With most chemotherapy comes hair loss, and with hair loss can come the loss of one’s agency: Until chemotherapy, I was in charge of who would know about my diagnosis. As a practicing psychologist, I didn’t want my condition to be apparent to my patients. The focus of therapy should always be on the patient, not the provider. I knew I would choose to tell some of them, but as a rule I don’t disclose personal information to patients unless directly asked or it is relevant to the treatment.

Society sends the message that caring about one’s hair is superficial, but once I learned there was a way to keep from going bald, I had an easier time accepting the recommendation for chemotherapy. Now that I’m on the other side of the treatment, I want to advocate for others to have this same opportunity — and for the health insurance industry to stop dismissing patients for whom retaining their hair is important.

It was a relief and a surprise when I discovered scalp cooling (which has two forms, scalp cooling systems and cold caps). My health care team offered me the Paxman system. I was fitted for two caps — an inner one that attached to a machine that circulated icy-cold fluid through the first cap and a second one that sat snugly on top.

The theory is that by reducing the temperature of your scalp, the hair follicles will not absorb the chemotherapy as readily and thus not be killed off completely. In general, a patient needs to wear the cooling system for 30 to 50 minutes before treatment, during treatment (in my case for two hours) and from 20 minutes up to five hours after treatment for best results. Initially it felt like a brain freeze, and though my body eventually acclimated, it was very uncomfortable. But the hope of maintaining at least 50% of my hair (as two-thirds of patients undergoing this treatment generally do) was motivation enough for me to endure the pain.

However, these benefits are denied to many cancer patients because cold caps are generally not covered by insurance in the US, and many hospitals are not equipped to provide this service.

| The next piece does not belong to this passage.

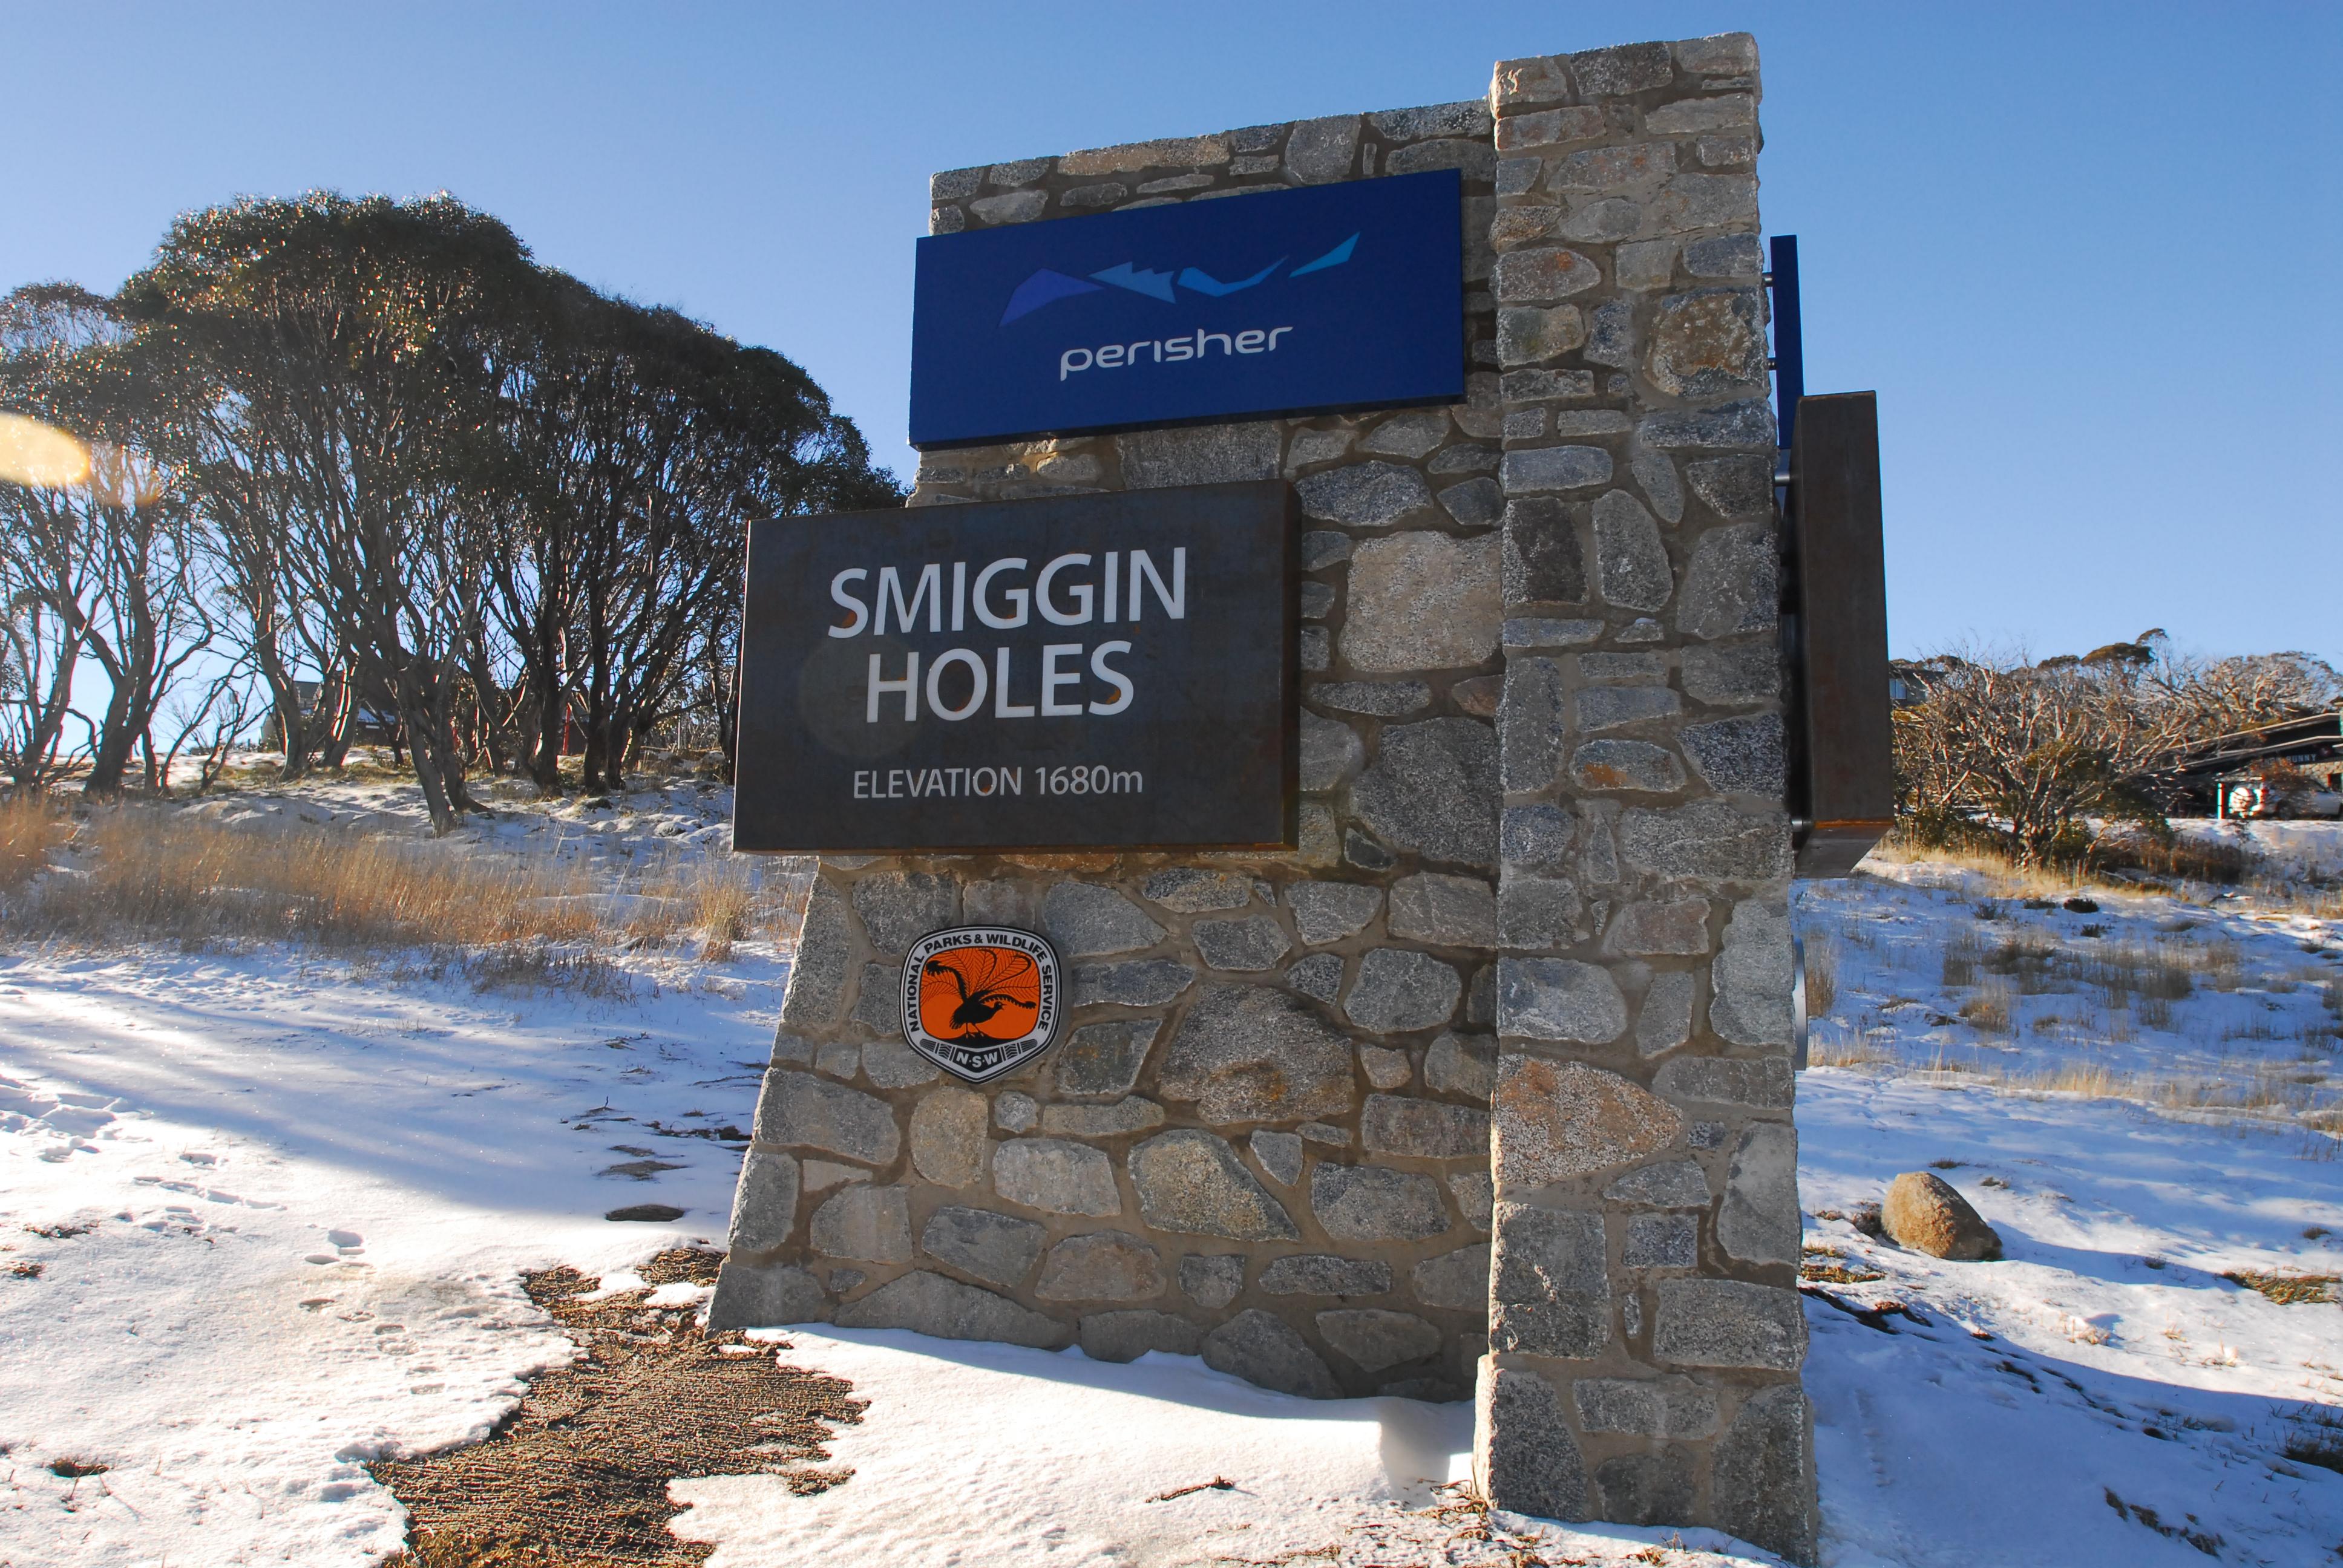 Perisher smiggins ski resort sign

Another initial obstacle was the fear that cold capping allowed errant cancer cells to survive, but more recent research on the newer versions of cold caps have only found that to be rare.

I was stunned that neither I nor many of my colleagues in medical fields other than oncology had ever heard about cold capping. It was also shocking to discover that insurance companies often consider hair loss from chemotherapy a cosmetic issue. Original Medicare, for instance, doesn’t cover wigs even, because they are deemed not medically necessary. Some insurance companies do at least partially cover the cost of wigs, but this took years.

The stance that hair loss is a cosmetic issue is akin to blaming the victim; it implies that it’s the patient’s problem if there is a concern about going bald. However, concern about losing one’s hair from chemotherapy has deep psychological implications for one’s mental health. A dramatic change in one’s appearance can be a challenge to one’s identity. Furthermore, in the case of chemotherapy, the change is rightfully associated with announcing to the world that you are sick.

Overlooking a major factor in the mental well-being of cancer patients is not only counterproductive to their health but also cruel. A full head of hair can work wonders for one’s self-esteem at such a trying time.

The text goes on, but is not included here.